WRAP: UK food sector ‘needs to pick up the pace’ on waste

 In General News

UK businesses diverted £300m worth of food from waste this year, but the sector needs to accelerate action if it is to meet the Courtauld Commitment’s environmental targets for 2025.

The pandemic has presented new challenges and opportunities for addressing food waste

The pandemic has presented new challenges and opportunities for addressing food waste

That is according to WRAP’s latest annual review of the Commitment, which is designed to help businesses reduce their waste in line with the UN’s Sustainable Development Goals (SDGs) – a process which will also reduce their climate impact.

As 2020 is not a formal reporting year for the Commitment, the updated review does not provide in-depth data on a company-by-company basis. However, it reveals that signatories of WRAP’s food waste reduction roadmap have collectively prevented 180,000 tonnes of food from becoming waste in the past 12 months and values this food at £300m+.

Launched in September 2018 as a collaborative effort between WRAP and IGD, the Roadmap was designed to help large businesses across all parts of the UK’s food value chain to halve food waste across their operations, in line with Sustainable Development Goal (SDG) 12.3. Some 70 businesses signed up to the Roadmap this year.

WRAP praises these businesses in the report, for showing ambition and accountability in spite of the challenges posed by lockdown restrictions. It also states that businesses are improving and expanding efforts to engage the general public on food waste, given that most food waste in the UK happens at home, and to champion sustainable water stewardship. On the latter, more than 80 Courtauld signatories undertook water replenishment programmes this year, collectively delivering 750 million litres of water.

Nonetheless, WRAP is warning that the national food and beverage sector, as a whole, is failing to align with the Commitment’s aims. Further action on food waste at farms and in homes is needed if the sector is to cut food waste by 20% across the value chain, according to the report.

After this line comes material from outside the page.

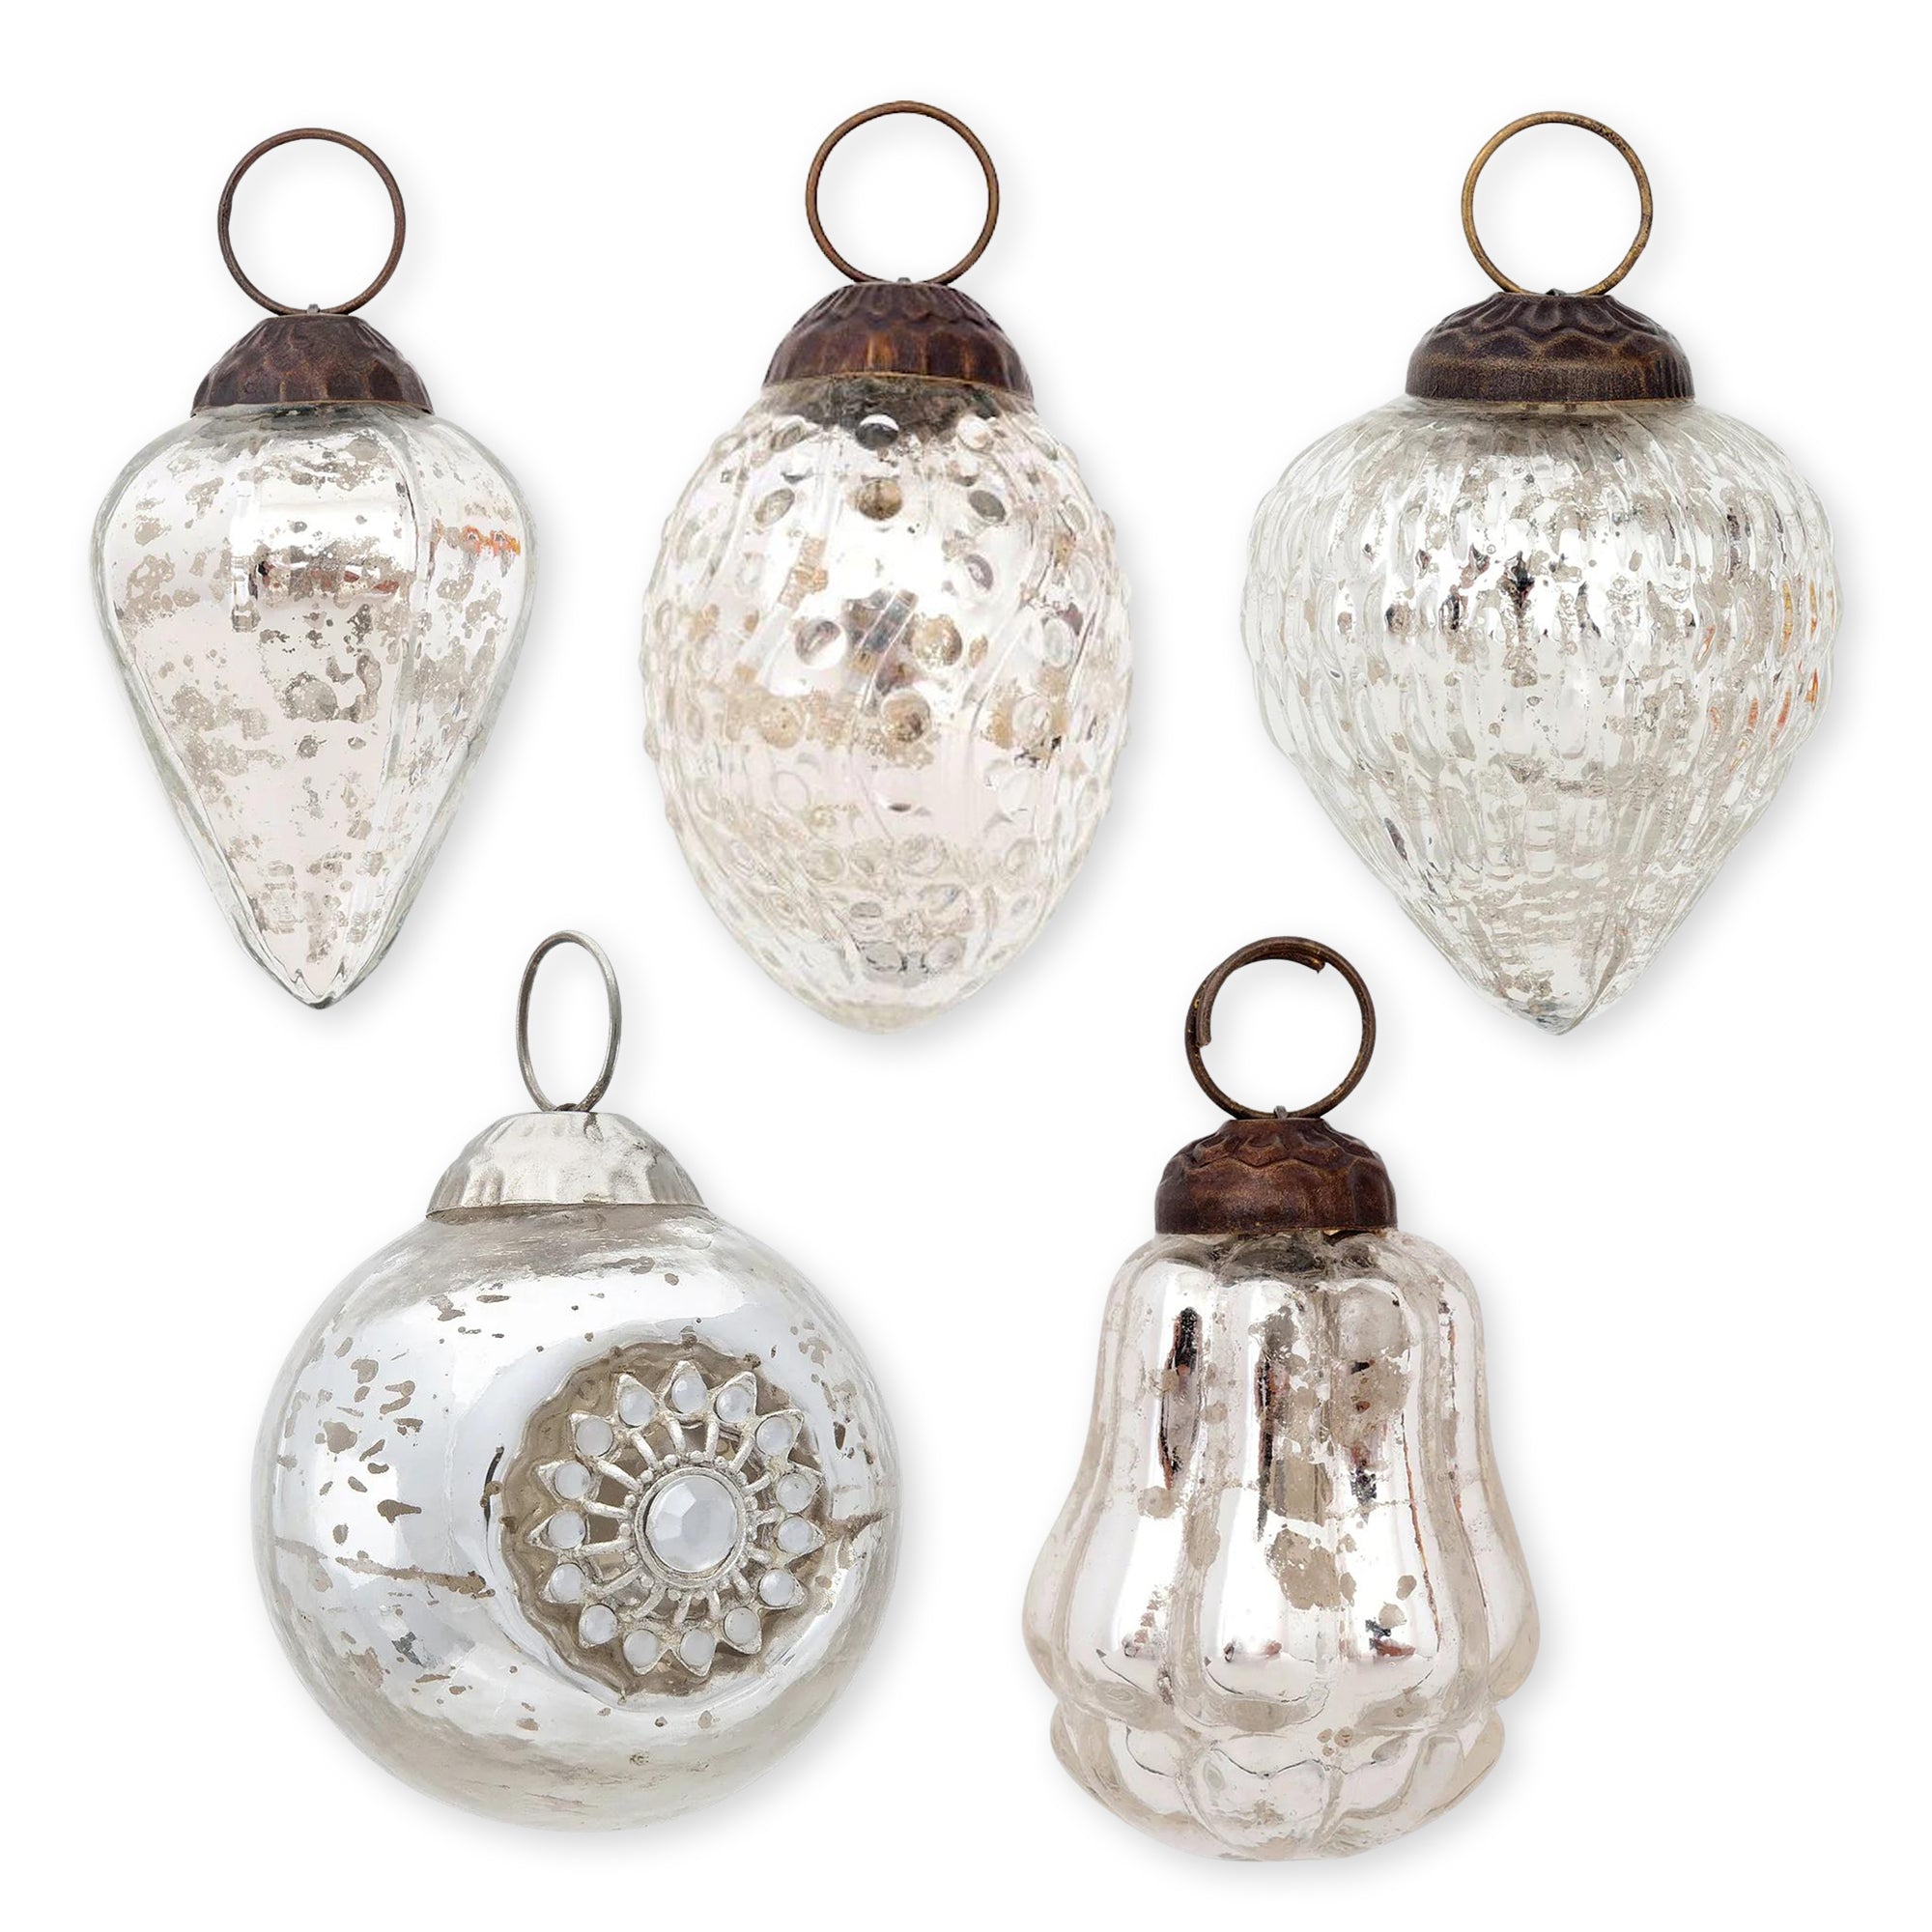 BLOWOUT 5 Pack | Silver Vintage Assorted Ornaments Set - Great Gift Idea, Vintage-Style Decorations for Christmas, Special Occasions, Home Decor and Parties

Another area where progress has been slow is reducing emissions associated with the production and consumption of food. A 20% reduction is also targeted here. WRAP is urging businesses to improve their data by implementing a single set of requests to suppliers for climate information.

Additionally, WRAP believes more work is needed on the Commitment’s water stewardship targets. Only one-third of signatories are supporting collective action projects on this issue. The organisation will now work to develop a Roadmap on water security, which will take a similar format to the food waste roadmap.

“The global pandemic has tested us like nothing we have faced before in our lifetimes; It has pushed supply chains and services to breaking point, but it has also unleashed innovative thinking and decisive action,” WRAP’s chief executive Marcus Gover said.

“We now need to harness that agility and ingenuity to tackle the greatest challenges of our generation: fixing our unsustainable global food system so that it enables both people and planet to thrive.”

Food for thought

WRAP, along with other groups including the British Retail Consortium, is currently supporting a new network of “food waste champions” set up to address food waste and poverty during Covid-19 and beyond.

Businesses involved in the network include Bakkavor, Greencore, Mars, Nestle, Nomad Foods, Premier Foods, Samworth Brothers, Unilever and Upfield and Coca-Cola.